Prompted by recent discussions about house numbers becoming illuminated features in order to aid delivery of fast food by Deliveroo riders after dark I used an idle lockdown moment to peruse the incidence of house numbers in the UK by using taginfo. We have a sample size of 2 293 590 house numbers with 29 881 values.
Initially I thought I had stumbled upon a curious feature as the frequency of house numbers follows a sequential pattern i.e. 1 is the most frequent house number followed by 2 and so on. I was about to muse on why this should be and concoct all kinds of theories about mapper behaviour and urban planning, when a statistician informed me this is a merely an example of Zipf’sLaw in operation.
Now I’m not a statistician and after two lines of the Wikipedia article linked above I’m lost so I don’t know what sample size you need for a perfect sequential distribution or whether Zipf’s Law merely describes the phenomenon or explains it.
Our house number data follows Zipf’s Law until no 38 (except for the number 13 for which there are cultural reasons associated with superstitious beliefs about bad luck which depresses its occurrence).
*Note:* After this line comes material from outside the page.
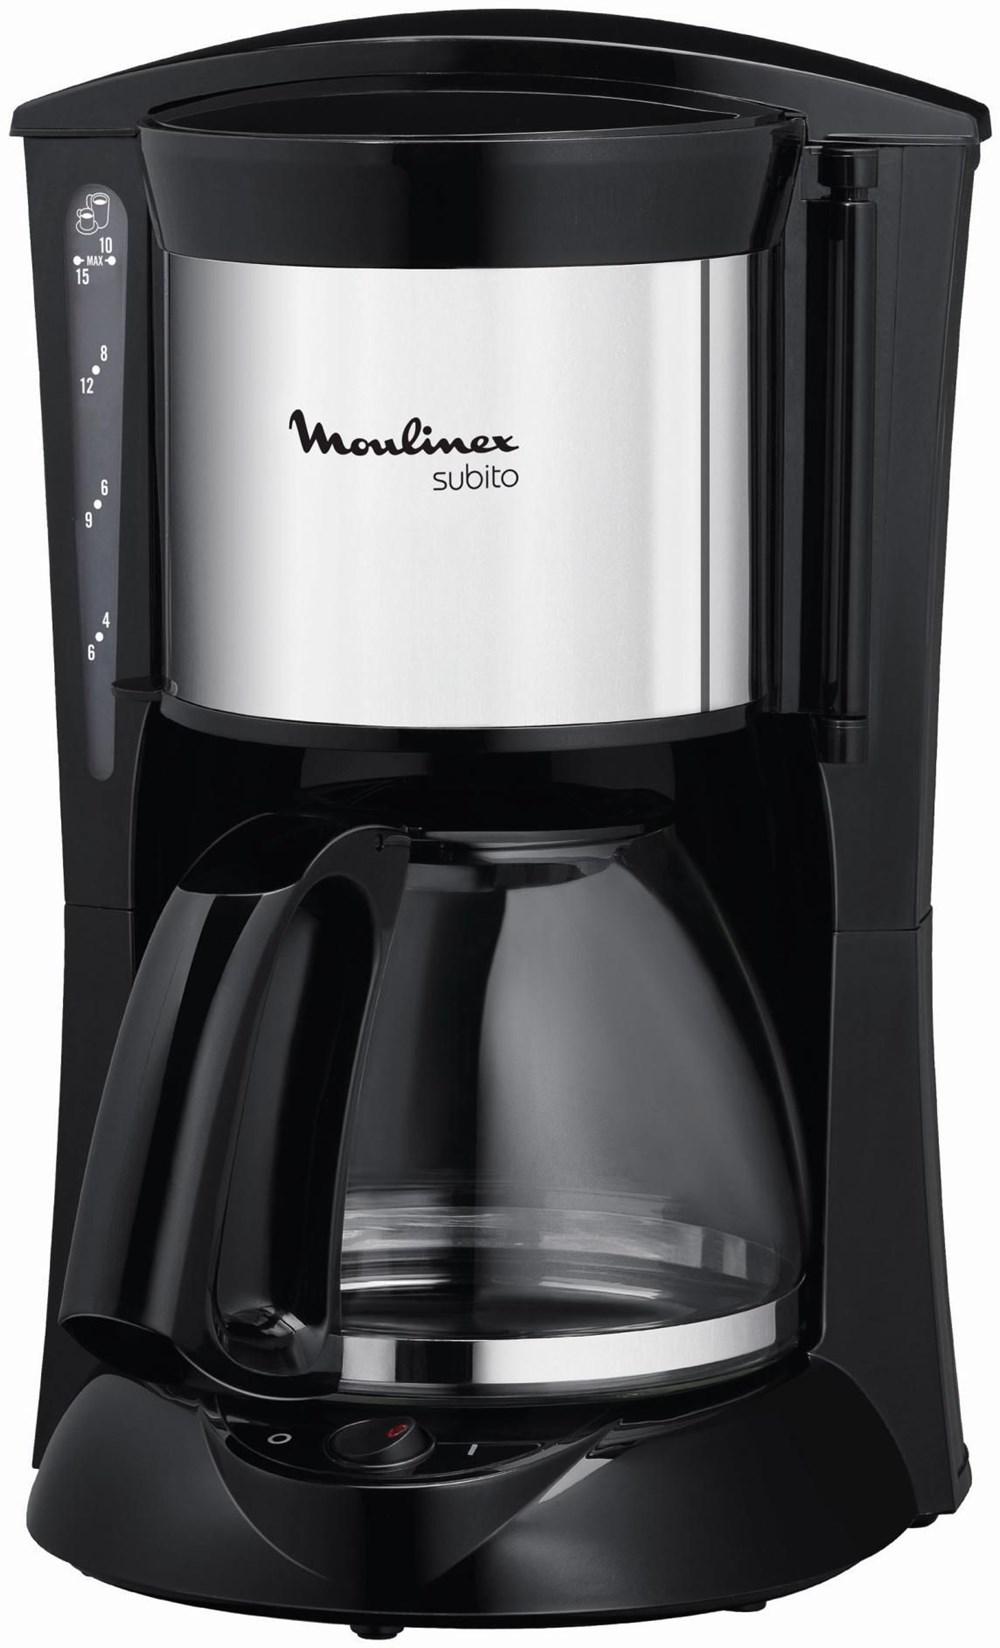 Superb Moulinex FG1105 Subito Kaffeemaschine Schwarz
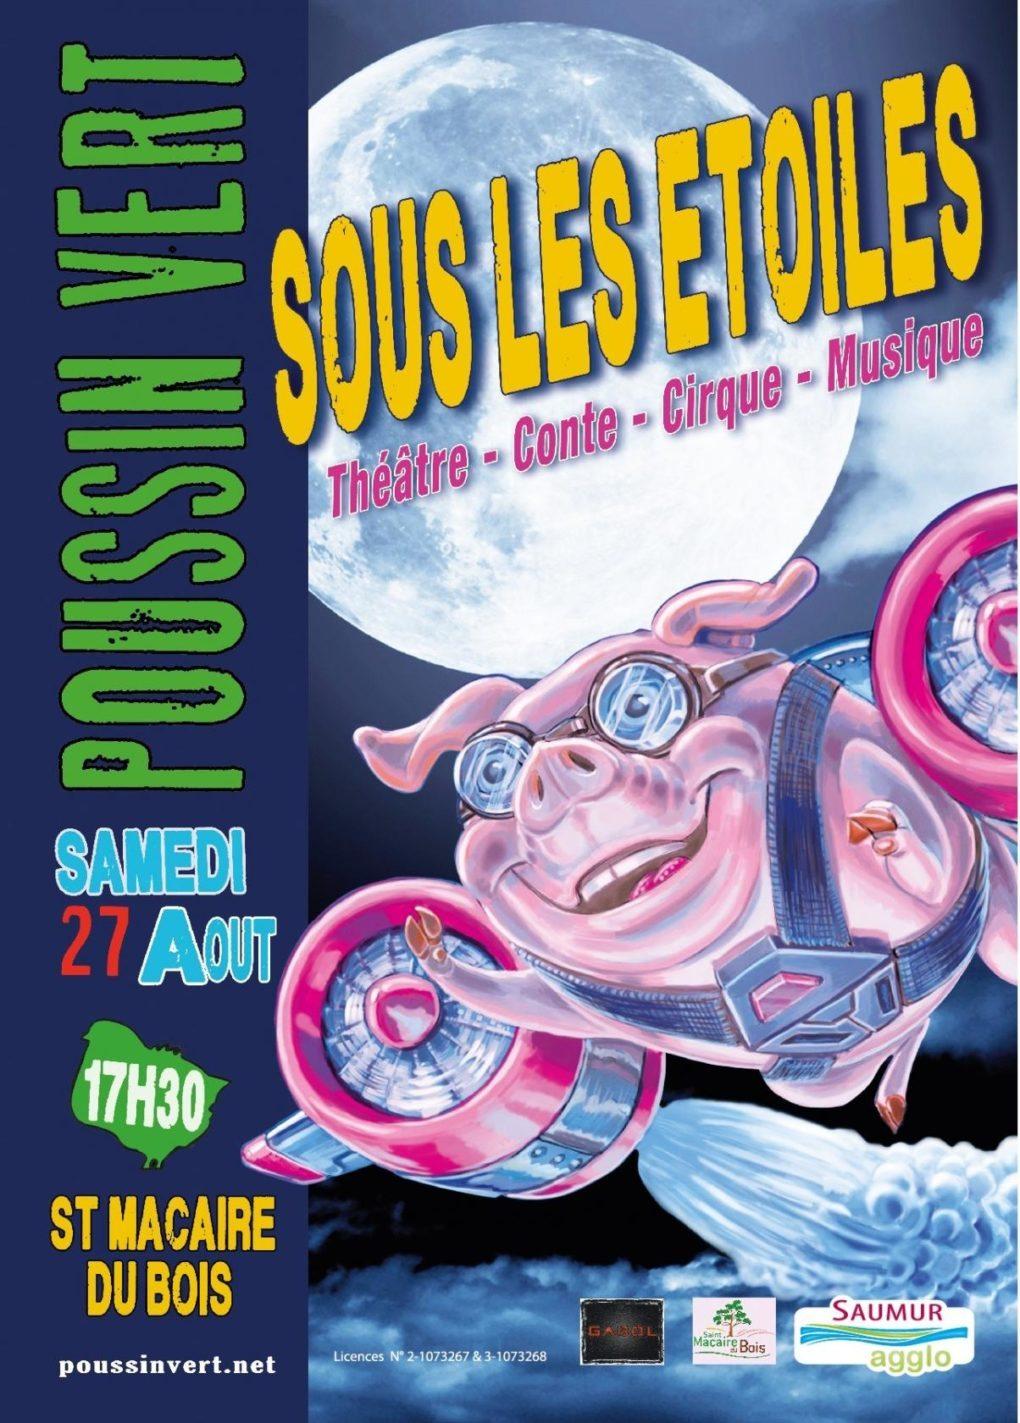 Poussin-Vert Festival de spectacles et de musique Saint-Macaire-du-Bois

Then a curious pattern emerges with 40 and 39 reversing sequence repeated at 50 and 49;80 and 79; and 90 and 89.
After 100 there are only interspersed regular sequences and fairly rapidly any discernible pattern disappears.
I guess this a typical pattern of distribution which can be explained by the kind of complex tools that statisticians use and as the sample size increases the further the sequential order is exhibited . So I further guess there are no mysteries lurking in the data we have gathered, but it would be nice to have this confirmed(or even explained) by skilled practitioners, if possible in layman’s terms.